The Harvard College Global Health and AIDS Coalition put a Valentine’s Day spin on the group’s campaign demanding that pharmaceutical company Merck’s increase access to its AIDS drug raltegravir in poor nations.

A group of 20 people—primarily members of the Coalition and several Medical School students—protested outside Merck’s research laboratories adjacent to Harvard Medical School on Monday afternoon.

The demonstration included pink, red, and white balloons—a play on Valentine’s Day colors with a symbolic message, Coalition member Nathan T. Georgette ’13 said.

“The implication [of the theme] is that their current policies are breaking the hearts of the millions of people who can’t afford their life-saving AIDS drugs,” Georgette said.

The demonstration was the most recent in a series of efforts by the student group this academic year to convince Merck to negotiate with the Medicines Patent Pool, an organization established two years ago to provide an avenue for pharmaceutical companies to provide generic versions of patented AIDS drugs for lower prices in poor countries.

Other pharmaceutical companies such as Boehringer Ingelheim, Bristol-Myers Squibb, F. Hoffmann-La Roche, and ViiV Healthcare have entered negotiations with the Patent Pool, but Merck has refused to do so, according to a Global Health and AIDS Coalition press release.

“I find it outrageous that Merck would demonstrate such indecency while peer companies join the Patent Pool graciously,” said protester and Harvard Medical School student Matthew F. Basilico ’08 in a press release.

The protesters performed a symbolic “die-in,” silently lying down for ten minutes to represent the “human cost of preventing people from accessing these drugs,” Georgette said.

As the protesters were lying down during the die-in, Georgette alleged, a Merck employee photographed protesters individually to record their faces.
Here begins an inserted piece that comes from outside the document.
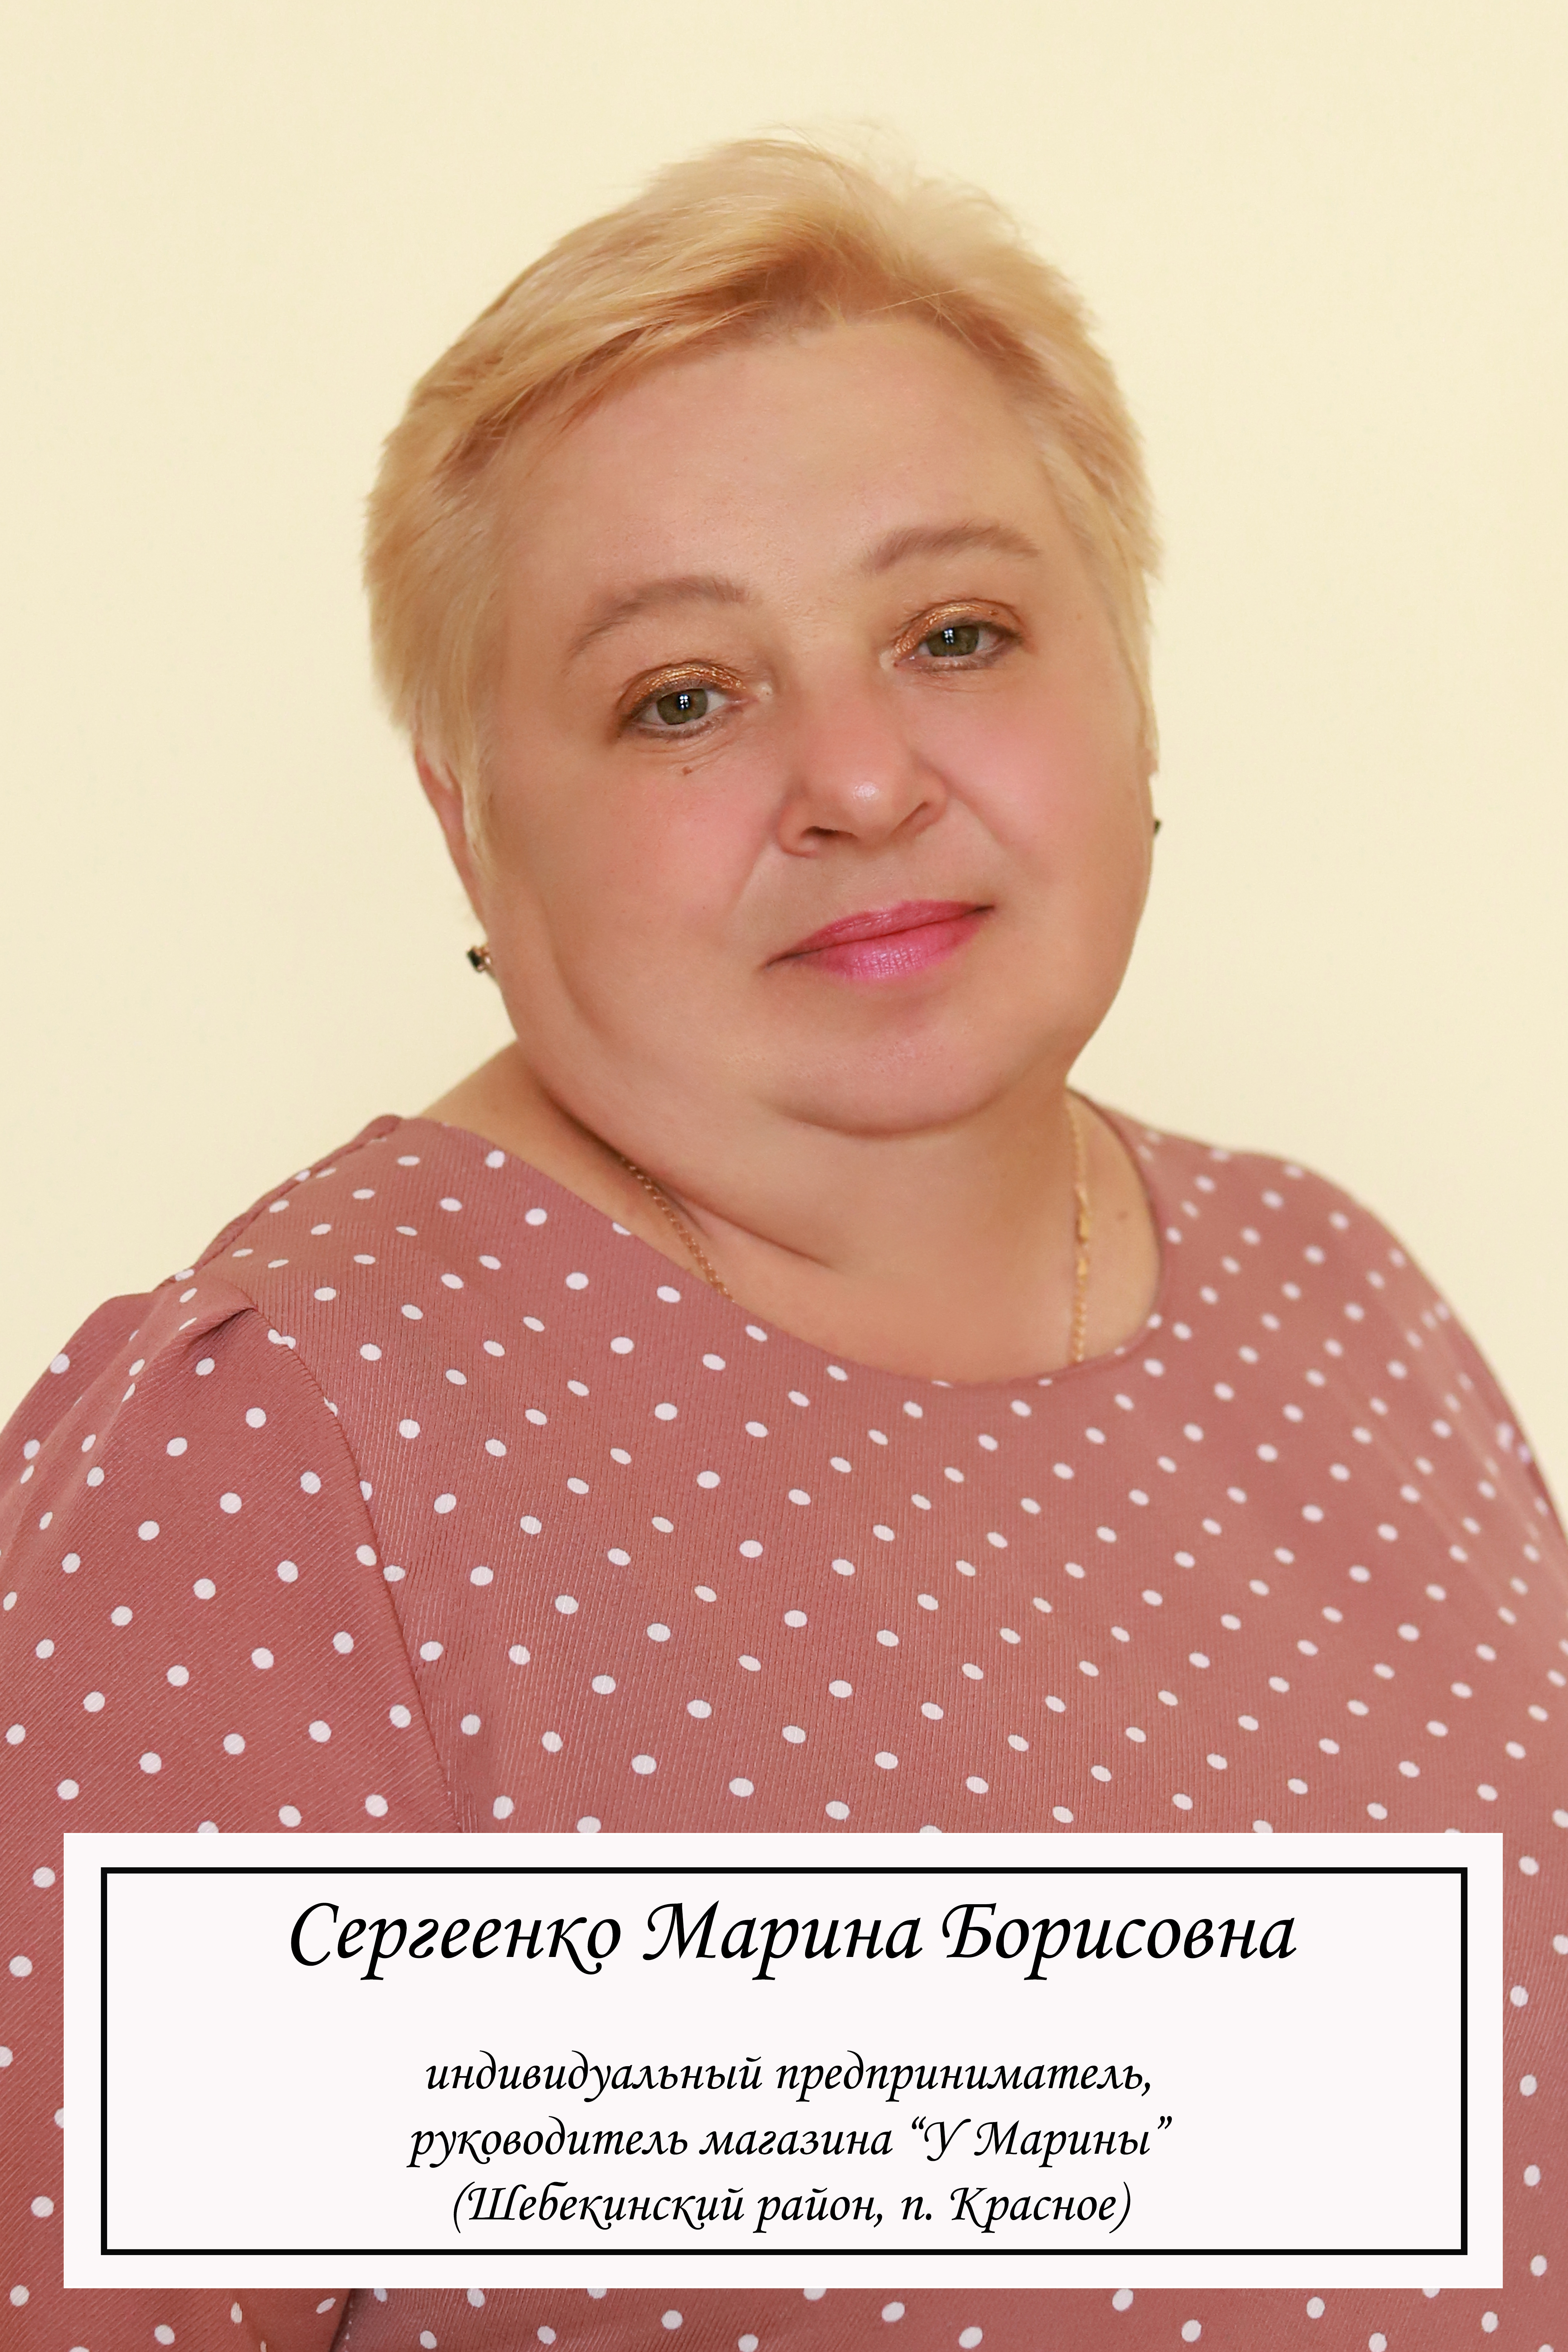 Сергеенко Марина Борисовна.

Georgette said that he interpreted this as an intimidation tactic, noting that many of the protesters may be interested in entering the field of medicine and pharmaceuticals in the future.

“You have to question why they’re so unwilling for undergraduate students to express their views,” Georgette said. “We’re not damaging their property or committing any crimes, so it’s not like gathering evidence for a criminal proceeding. It’s more of an intimidation attempt, in my view.”
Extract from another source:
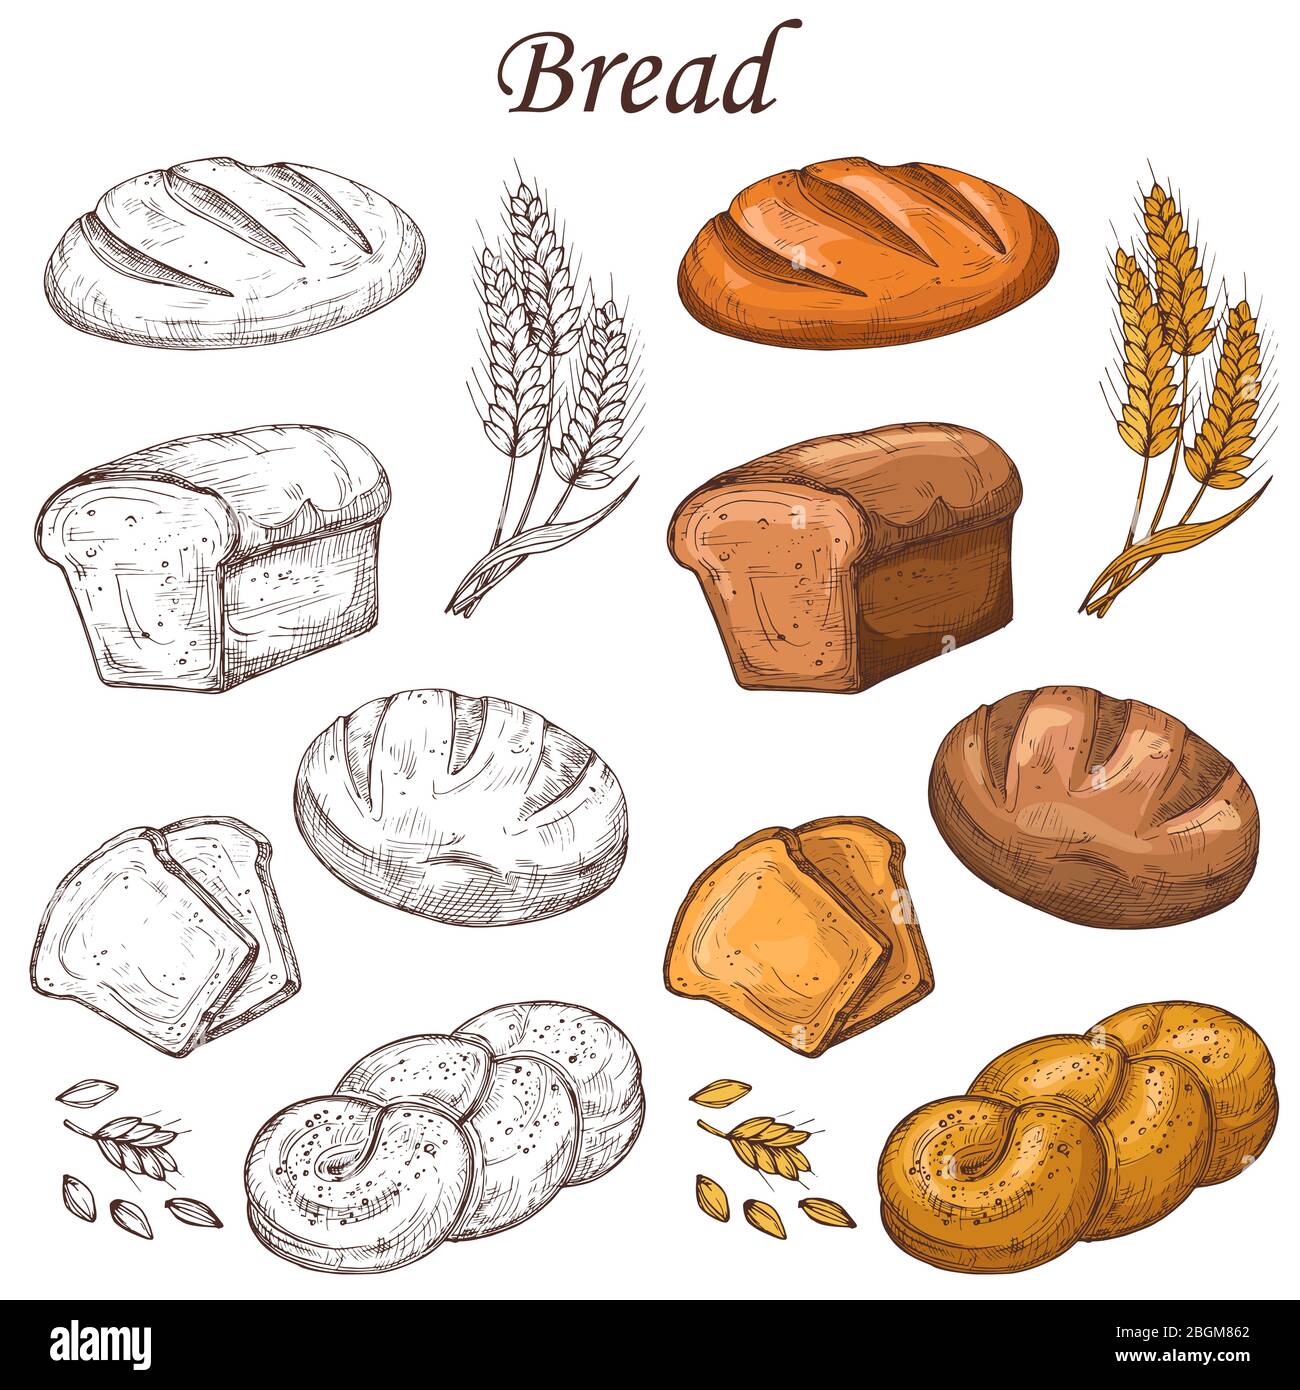 Linien- und farbige Vektorelemente für Bäckereien. Laib Brot isoliert auf weißem Hintergrund. Brot Brot zum Frühstück, frischen Snack backen Illustration Stock Vektor

The Coalition began the campaign during the fall semester, Georgette said. In October, the group held a “pool party”-themed protest, featuring inflatable beach balls and a kiddie pool in reference to the name of the Medicines Patent Pool.

The group has held themed protests in an effort to make its demonstrations fun and friendly rather than aggressive, Georgette said.

“We realize that corporations are made up of people who aren’t too dissimilar from you or I,” Georgette said. “There are much more extreme tactics we could take that are more vilifying of the employees, but we don’t want to do that. What we want to do is offer an alternative that we think is beneficial to the company and for all of these people who need access to the drugs.”

Other actions that the group has taken include a demonstration outside a Boston pharmaceutical conference on World AIDS Day in December, and a petition with 716 signatures that was delivered to Merck’s director of global policy, Georgette said.